NASA solves methane mystery

Since 2006, methane emissions have risen by 25 teragrams (a unit of weight so large that NASA notes you would need more than 200,000 elephants to equal one teragram) every year. To date researchers have been unable to pinpoint the cause of the increase but a new study from the National Aeronautics and Space Administration (NASA) has revealed two-thirds of methane emissions originate from the Oil & Gas Industry.

Heating up

NASA’s team of researchers found that almost 17 teragrams per year of the increase is due to fossil fuels. While Carbon Dioxide (CO2) emissions are largely blamed for global warming, methane is a greenhouse gas capable of trapping 86 times as much heat as CO2. An increase in the concentration of greenhouse gases blocks heat from escaping Earth, “forcing” climate change, increasing temperatures, the likelihood of extreme weather and raising sea levels.
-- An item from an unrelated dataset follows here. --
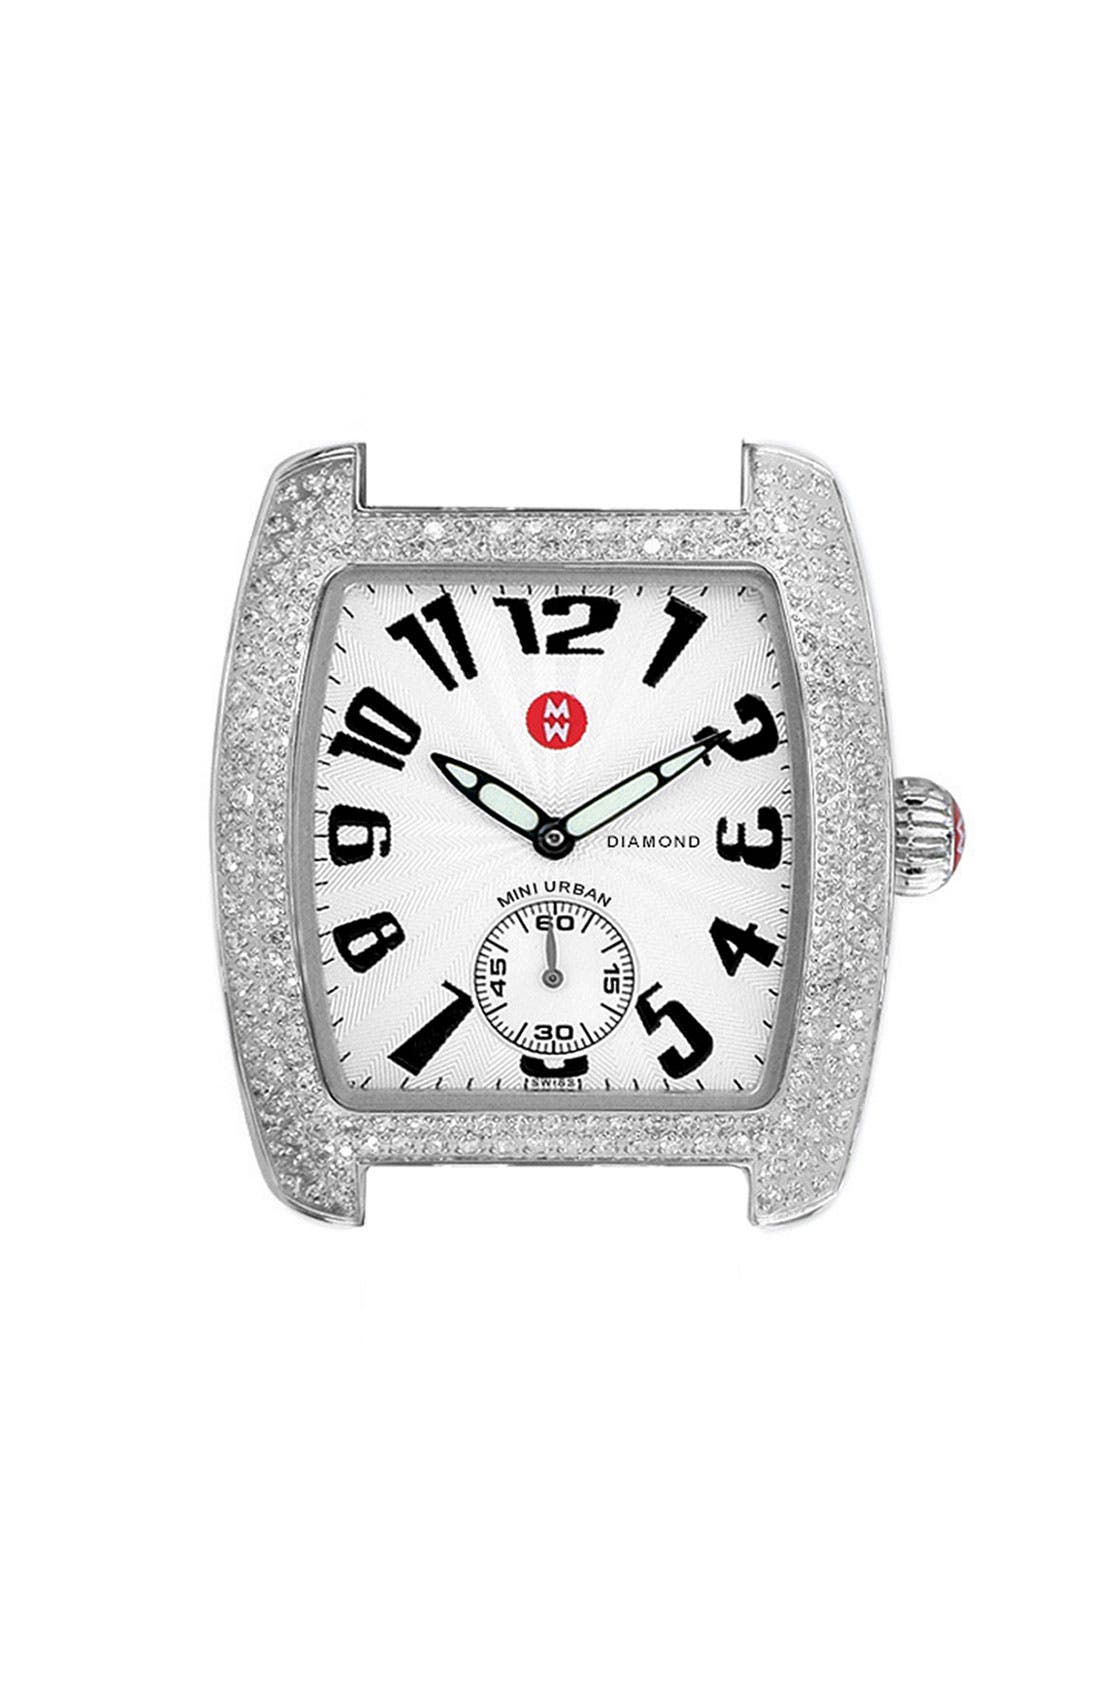 Main Image - MICHELE 'Urban Mini Diamond' Watch Case

New and innovative extraction methods have led to an increase in US shale production in recent years. As the main constituent in natural gas, methane is released during the mining and distribution of fossil fuels.

“The sharp increase in methane emissions correlates closely with the U.S. fracking boom,” said Jim Warren, executive director of the climate watchdog group NC WARN. “Leaking and venting of unburned gas—which is mostly methane—makes natural gas even worse for the climate than coal.”

Following routine

Due to the high greenhouse gas rating of methane, it is environmentally better to flare methane than release it into the atmosphere. Burning of methane converts the gas to carbon dioxide and water vapour.
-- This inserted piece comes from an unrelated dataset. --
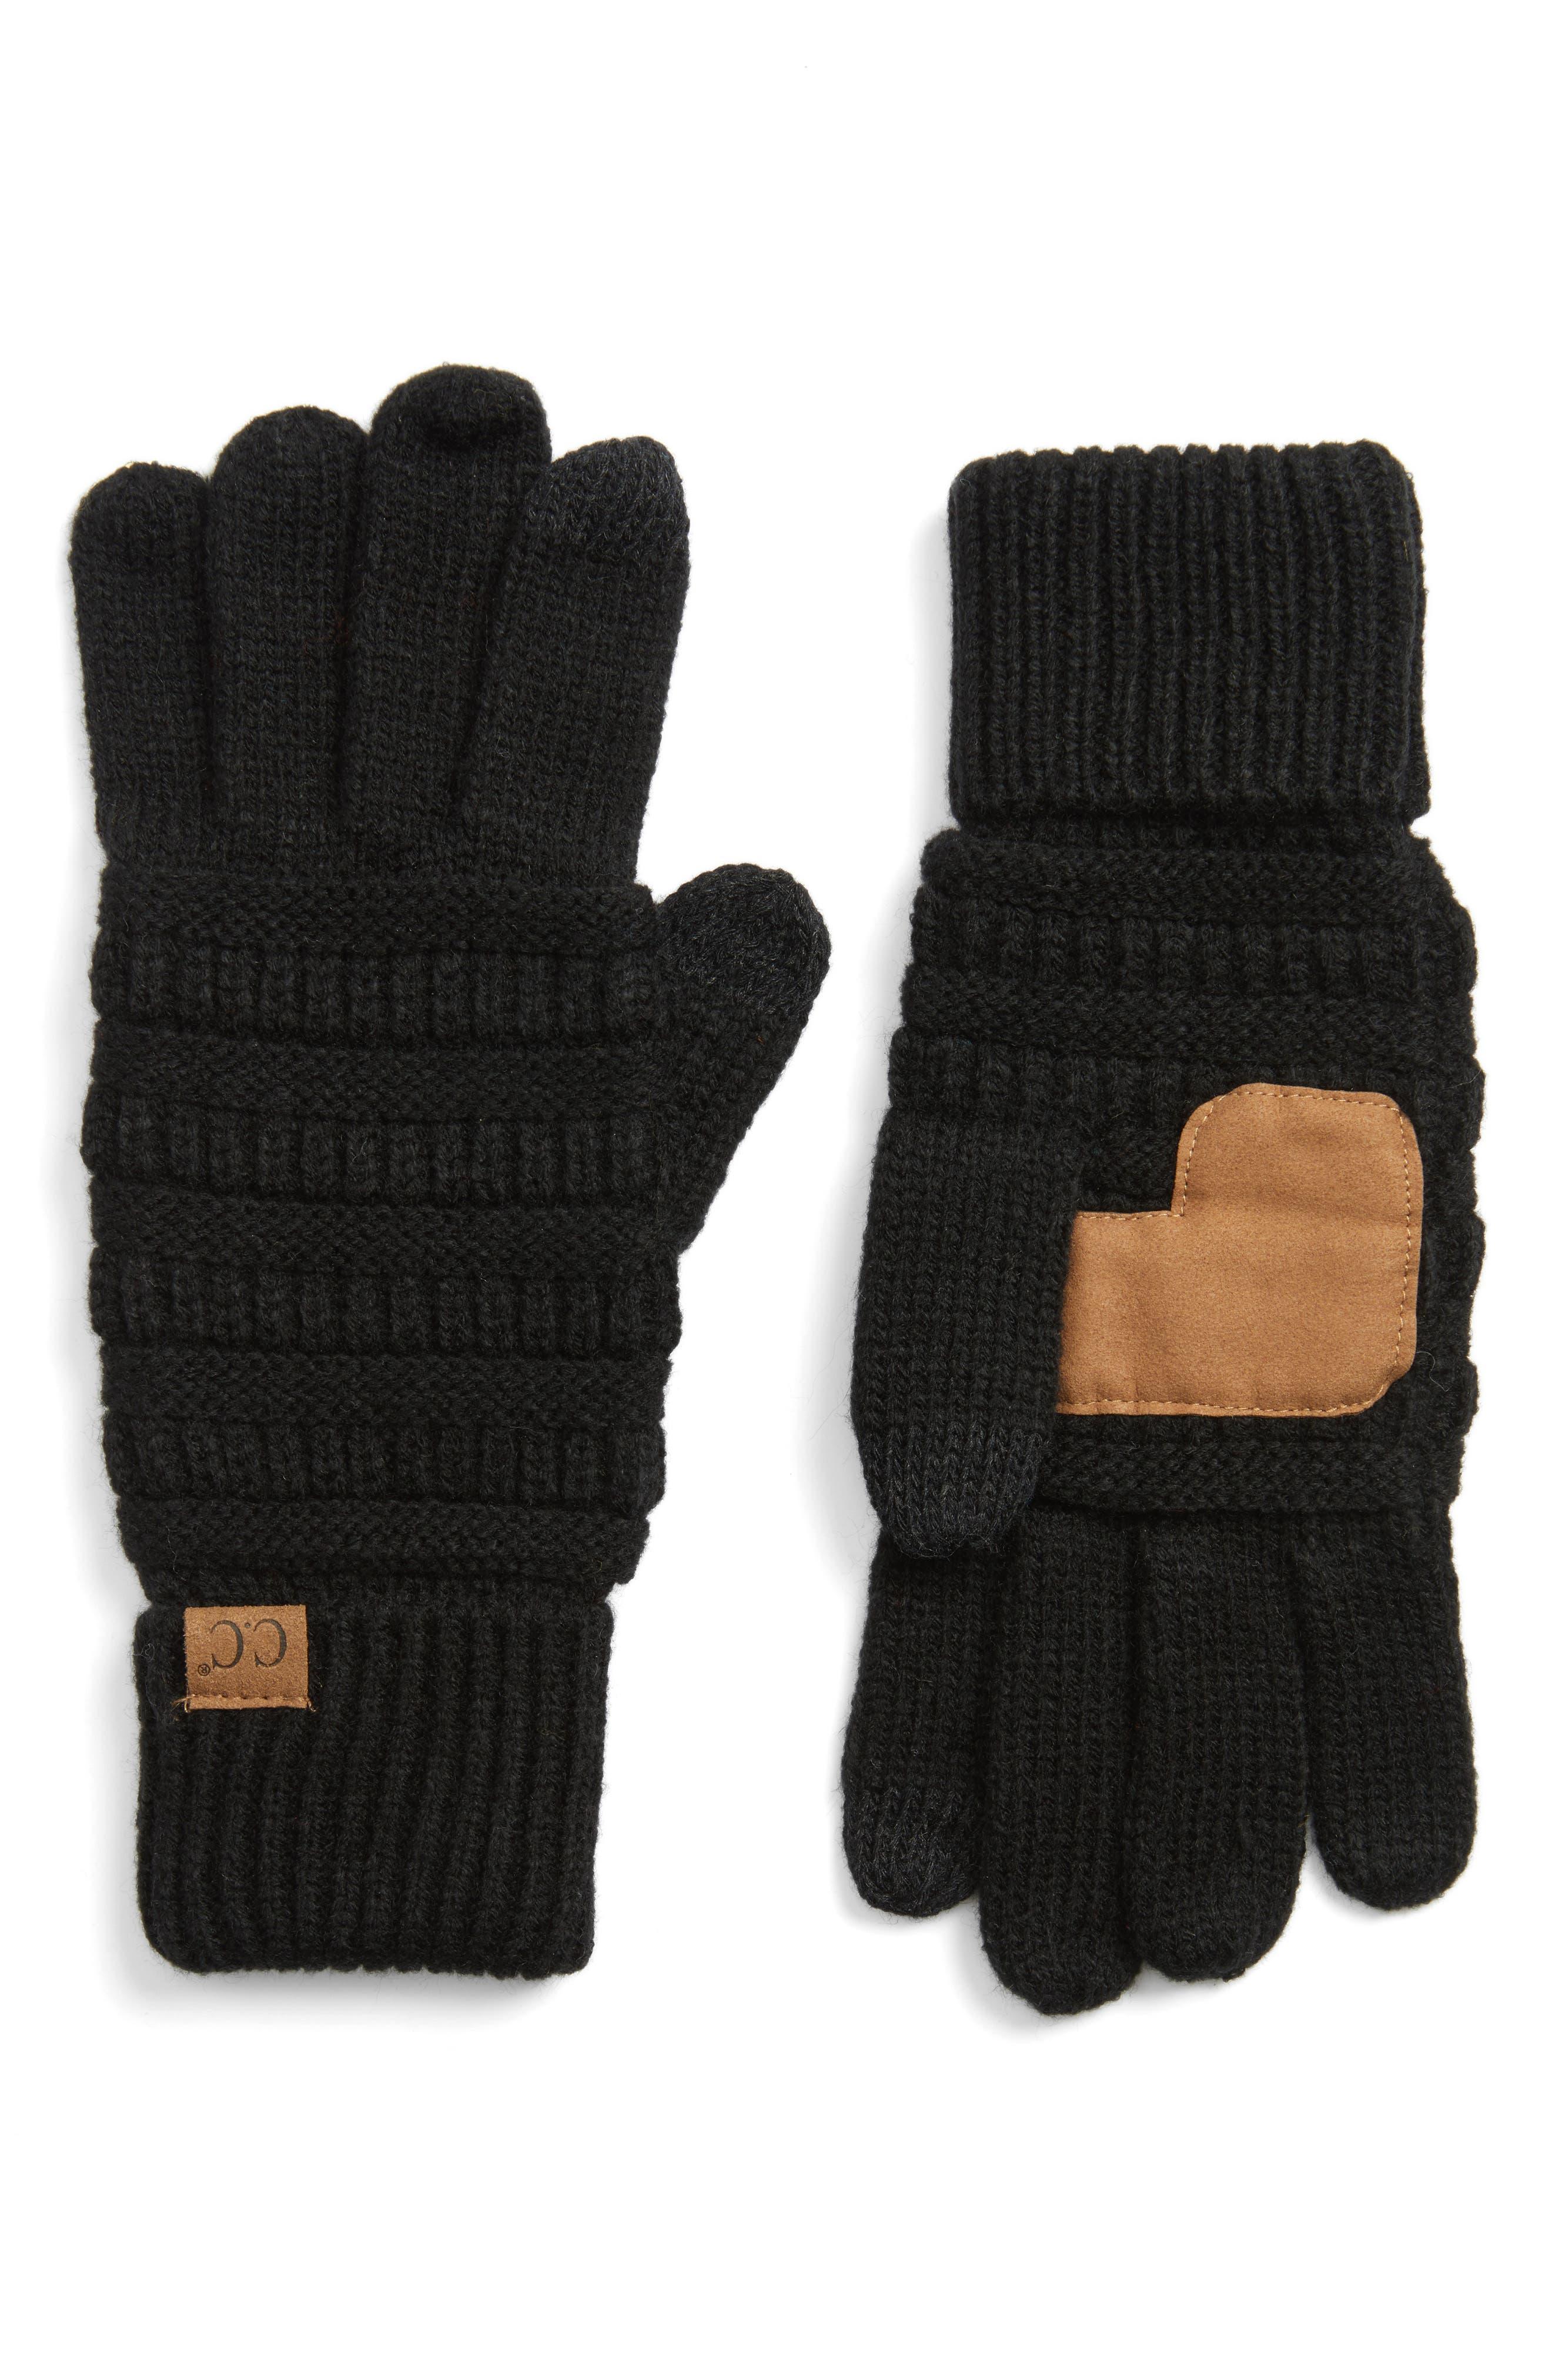 Rib Knit Tech Gloves,                         Main,                         color, Black

Gas flaring can also reduce the risk of explosion on oil and gas sites. Flares can be used to burn excess natural gas, reducing the potential for a dangerous build-up of pressure.

However, flaring also represents a waste of valuable energy. A 2015 report from the World Bank stated that every year 140 billion metric cubic meters of natural gas is flared at oil fields around the world – enough energy to provide power to Africa. While gas is often flared for safety reasons, a large proportion is still flared as the main method of disposal for facilities that do not have the infrastructure to capture, transport and monetise it.

No routine flaring

Support is growing for initiatives such as the World Bank’s Zero Routine Flaring (ZRF) to reduce the oil and gas sector’s combined routine carbon emissions. Launched in April 2015 with 25 endorsers, the ZRF initiative brings governments, oil companies and development institutions together to work toward eliminating routine gas flaring by 2030.

Signatories to ZRF have committed to eliminating flaring within existing operations, ensuring new sites incorporate gas utilisation solutions that avoid routine gas flaring or venting and publicly report flaring volumes on an annual basis.

Measuring flare gas is important for reducing environmental impact but is one of the most challenging types of gas flow measurement. Fluenta’s ultrasonic flare gas meter provides accurate emissions information for reporting and helps companies to manage their gas flaring processes – knowing how much natural gas they burn and when this can be restricted.  While traditional industries have been slow to realise the potential in technology, the energy sector is finally understanding the role it can play in restricting environmental damage from oil and gas processes.